What Is Kinning All About?

Corinna Sabrina Guerzoni, Alice Sophie Sarcinelli

Abstract


The EASA2016 Conference “Anthropological Legacies and Human Futures”, held at the University of Milan Bicocca in 2016, invited scholars to reflect on the legacy of anthropological studies “dealing with new forms of livelihoods, symbolic practices and material conditions”. We examined fundamental issues within the anthropology of kinship, and questioned traditional theories, concepts and legacies related to this field. We aimed to reconsider the very notion of kinning (Howell 2006) setting it against the concept of de-kinning (Fonseca 2011); we therefore organized a panel on “Kinning and De-kinning: Kinship practices between ‘parental figures’, ‘reproductive collaborators’ and children in new family configurations”. The fruitful discussions we had in those very hot summer days in Milan have continued in subsequent years, and we are now building on these reflections in collaboration with some of the panel participants, as well as new colleagues who have joined us since 2016.
We approach kinship by examining ethnographic case studies “at the edge of kinship”, where there is “no template as to what the relationship is supposed to be” (Berend, Guerzoni this issue).

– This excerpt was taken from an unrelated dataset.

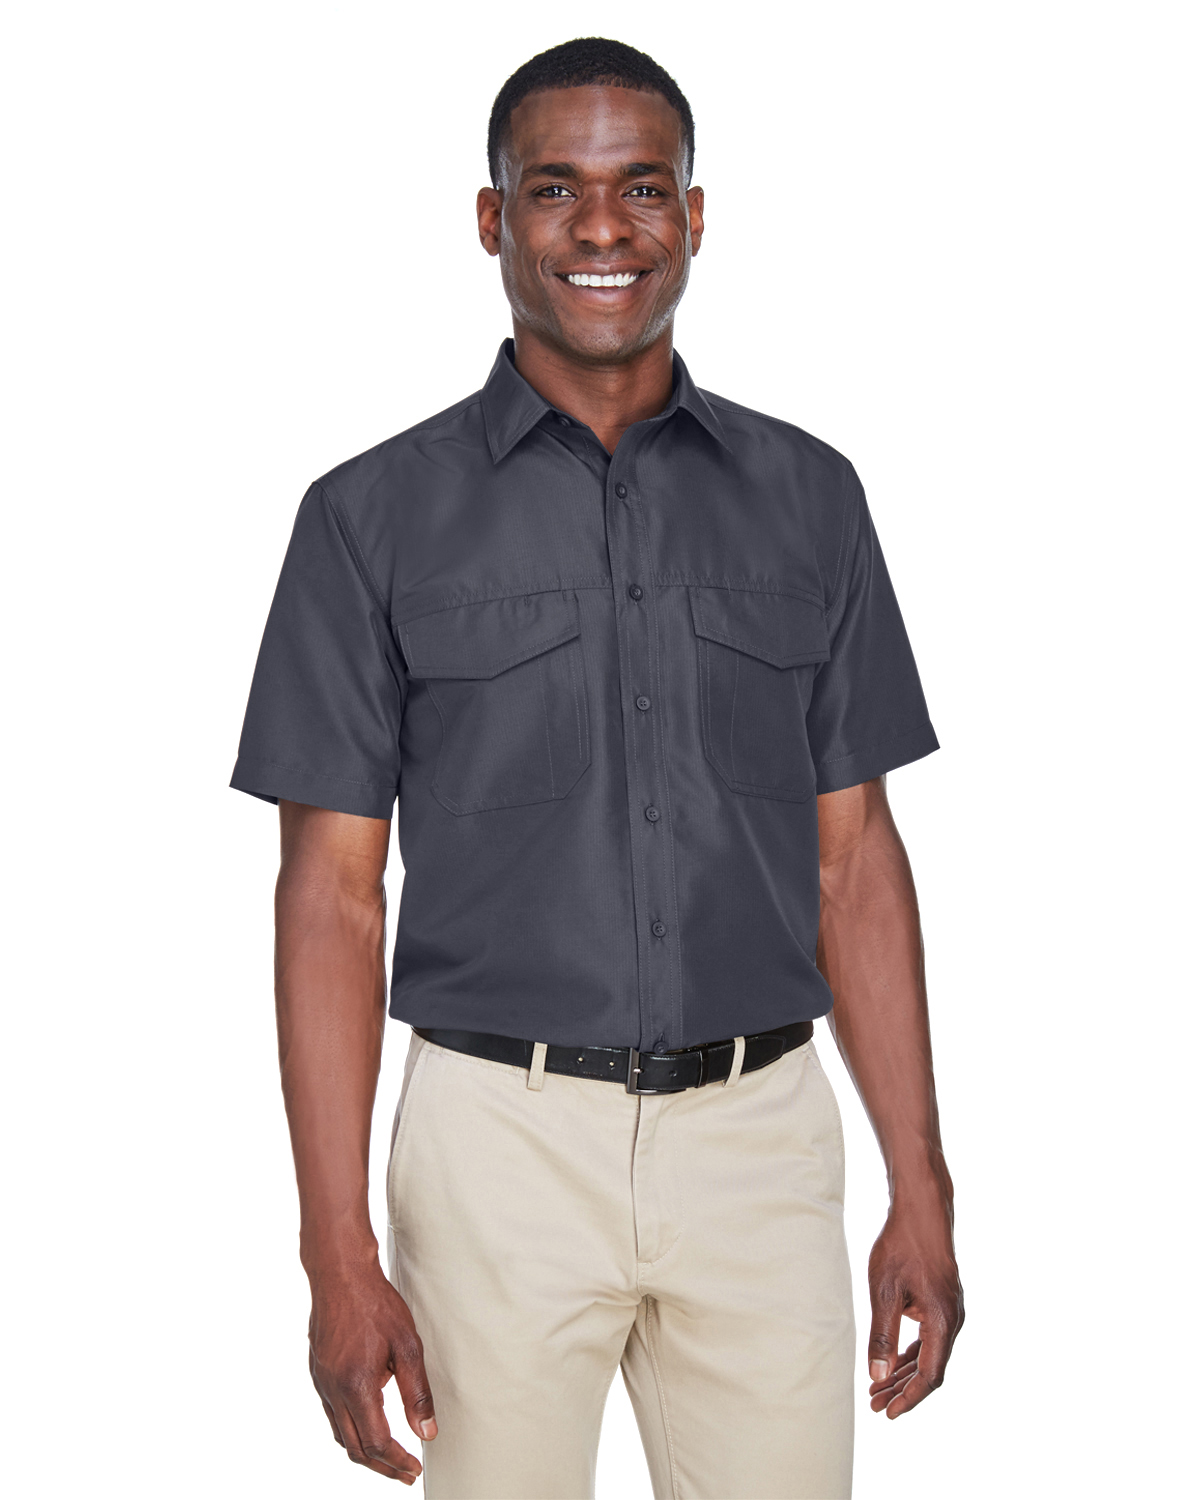 Men's Key West Short-Sleeve Performance Staff Shirt
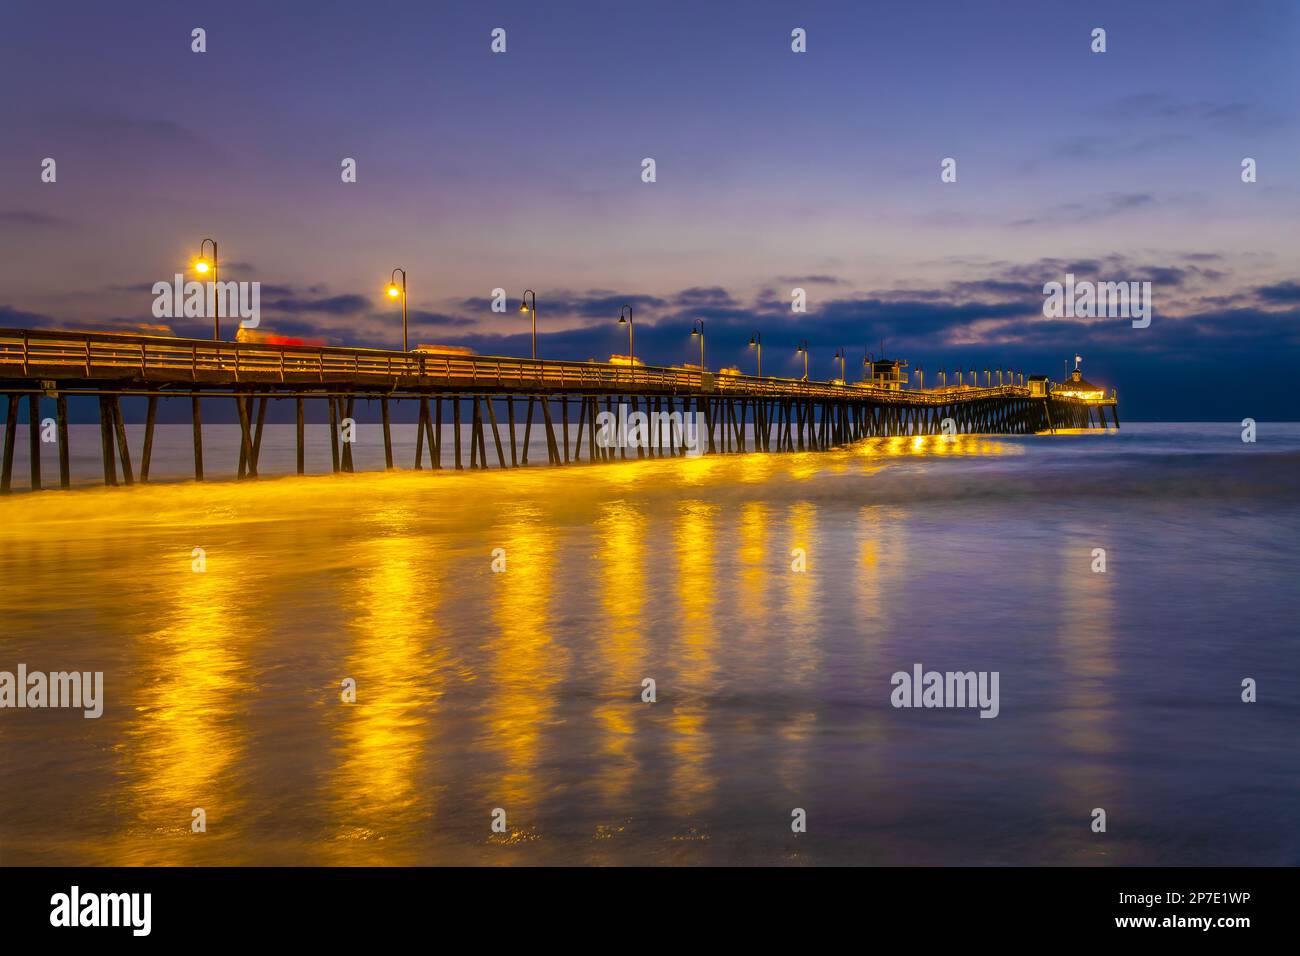 Imperial beach pier iat night in San Diego, California Stock Photo

The development of ARTs (Assisted Reproductive Technologies), combined with social and juridical changes within family structures, have reinvented child production, family reproduction and kinship practices. Contemporary forms of reproduction, family and parenthood (including increasingly complex networks of parental figures and progenitors – biological parents, adoptive parents, donors, birthmothers, surrogates, and social parents) offer new insights to the anthropological study of kinship.